Friday, 31 August 2012

Top of the Pox

It's all about The Roxy this week, ITV's short-lived chart show which bothered the TV schedules between 1987 and '88. Another Tyne Tees production, this one was clearly set up to rival Top of the Pops - even going as far as to snaffle Kid Jensen from the Pops presenting team - but The Roxy never even began to capture the public's imagination. It failed at the first hurdle, really, by having an instantly forgettable sax-laden theme song. Here it is, followed by a short link from Jensen and some anonymous Northern Irish bloke.

Another area where they went wrong was by not using the Gallup UK Top 40 - i.e. the only one that anyone paid attention to or cared about - as their chart of choice, instead plumping for the Network Chart, a sort of independent local radio Aldi version. Here's "Kid" with the Top 10 rundown from 9th June 1987. Hilariously, he refers to George Michael's (admittedly risible) I Want Your Sex as "the controversial cut" (at least I think he says "cut"!), as saying the actual title on early-evening TV would've clearly sent the country into disarray.

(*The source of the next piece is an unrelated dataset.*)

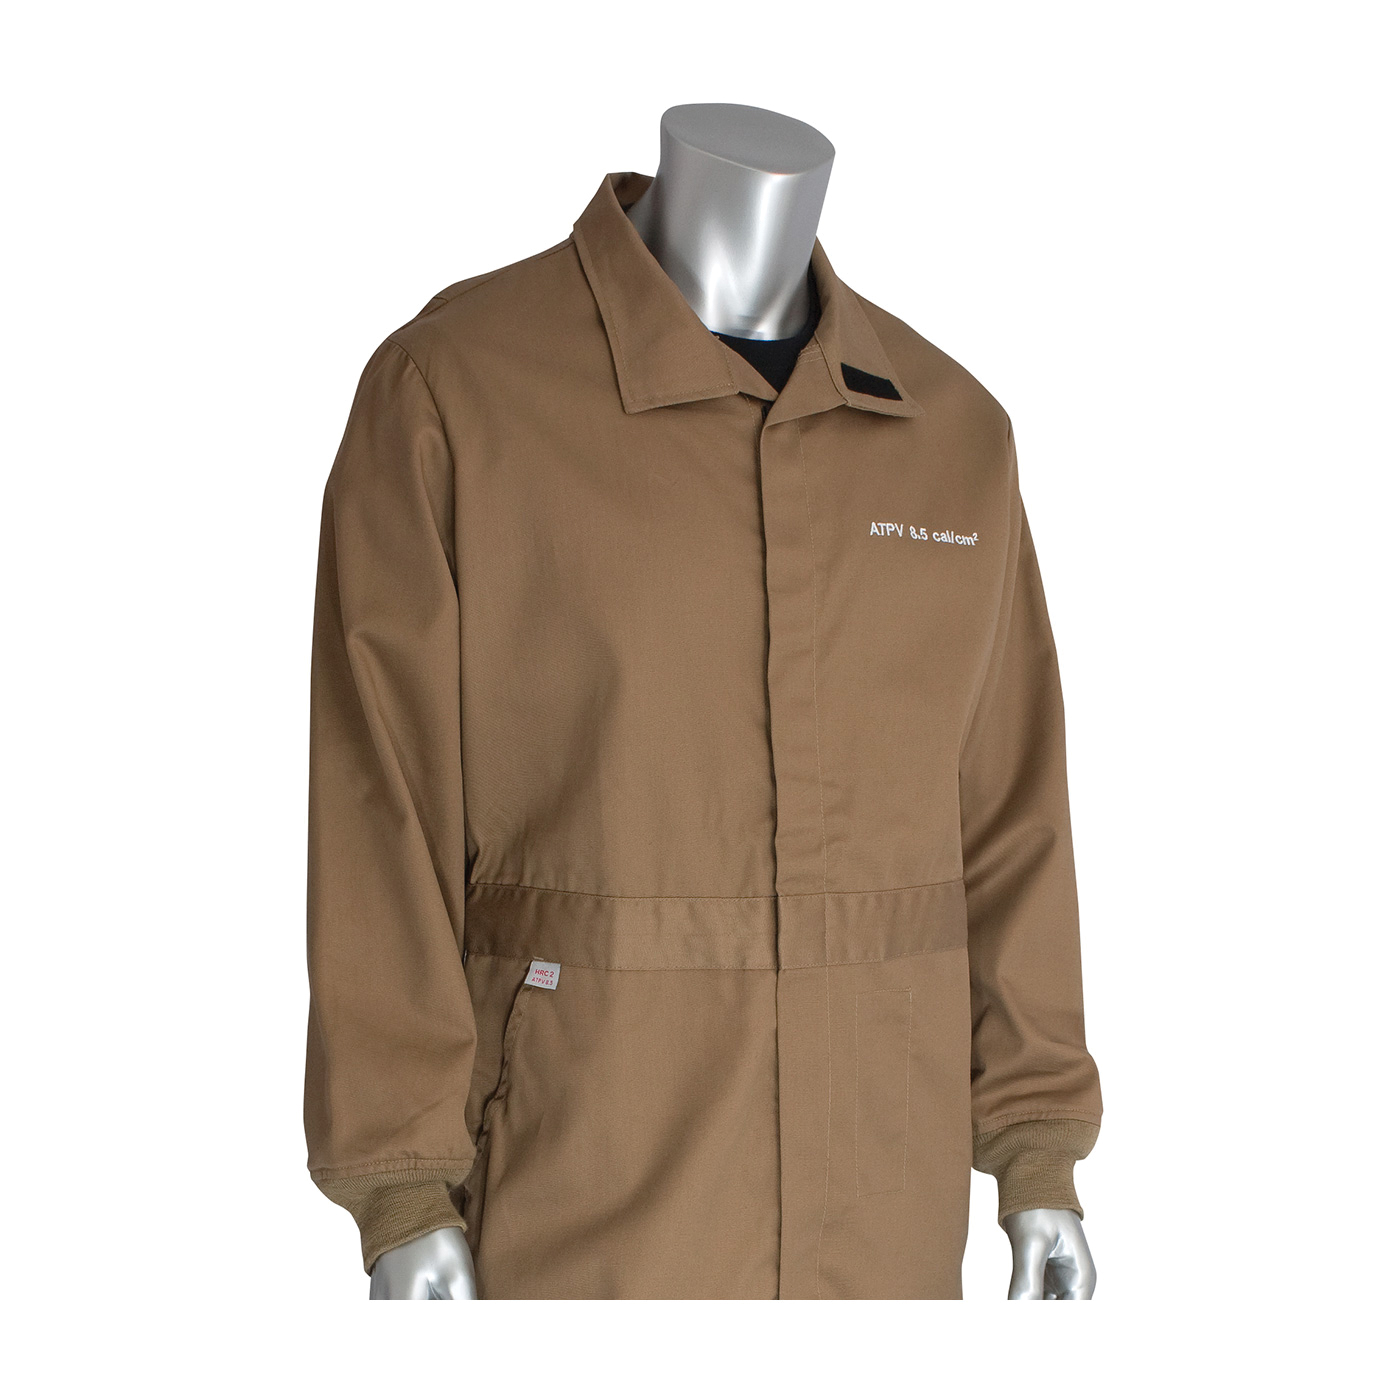 PIP® 9100-2110D/3X Flame Resistant Coverall With Insect Repellant, 3XL, Khaki, 90% Cotton/10% Nylon/FR and Bug Repellent Twill Weave, 56 to 58 in Chest, 32 in L Inseam
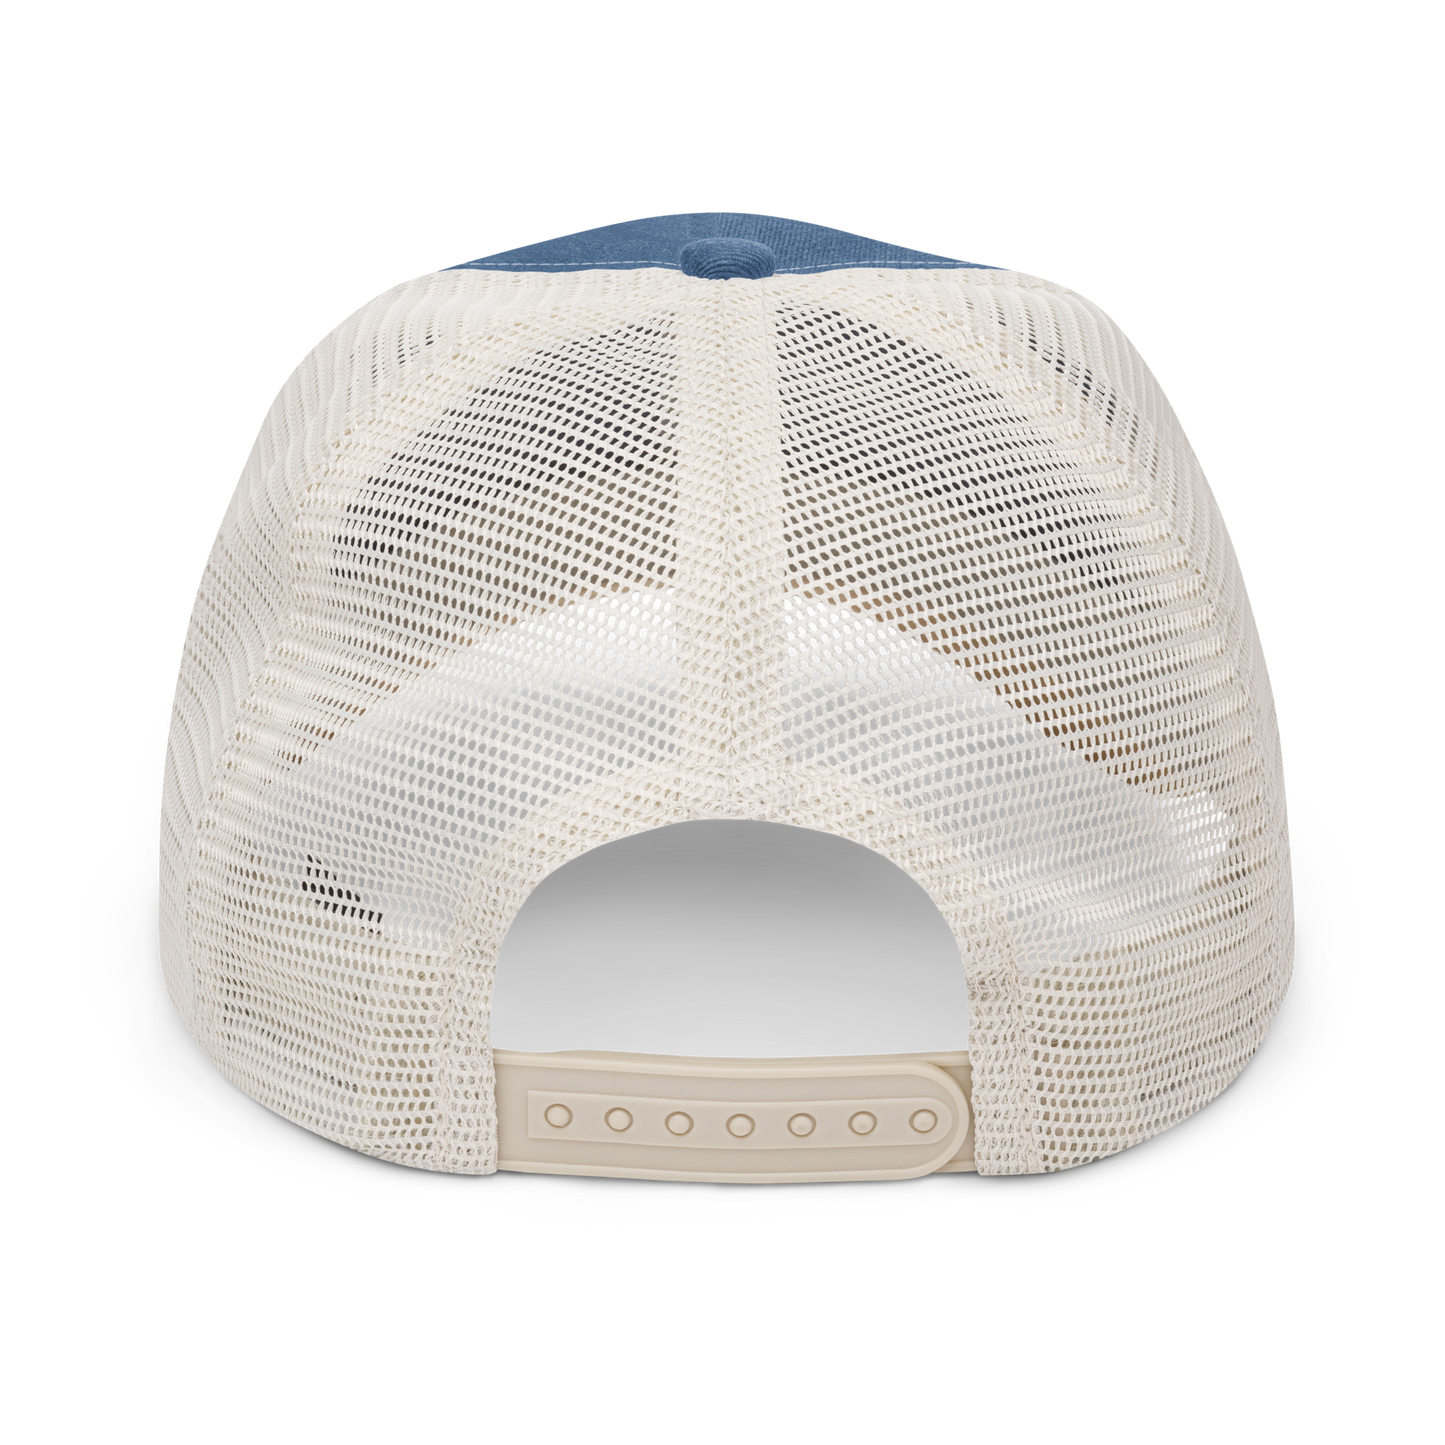 YHM Designs - YOW Ottawa Pigment-Dyed Trucker Cap - Crossed-X Design with Airport Code and Vintage Propliner - White Embroidery - Image 19

So far so mediocre. But oh look! It's one-hit wonder Taja Savelle miming along to Love Is Contagious. This performance is notable for two things: 1) Her remarkable hair. It's utterly transfixing. She's like a good-looking Medusa. & 2) She's sitting down! At least for the first minute she is. Then, just when you're starting to think that maybe she's a Paralympic popstrel or sommat, she stands up and proves that those legs do work after all. Thank gawd for that.

As it says on screen there, Taja was yet another Prince protege. It's funny how the purple pervert only ever seemed to write singles for especially good-looking girlies. Why, it's almost as if he had some sort of agenda!

Finally, here's Depeche Mode & Never Let Me Down Again featuring a midriff-baring Dave Gahan. I'm surprised Prince never wrote a song for him as well*.

*No I'm not.

Anyway, that's about it for The Roxy. Plunged into the middle of a pretty uninspiring pop landscape and up against a programme with over two decades of history, it was always going to be doomed from the start. Mind you, it didn't help that, much like this post, it was all a bit half-arsed really. I'm just sorry for wasting all our time here. Poxy Roxy!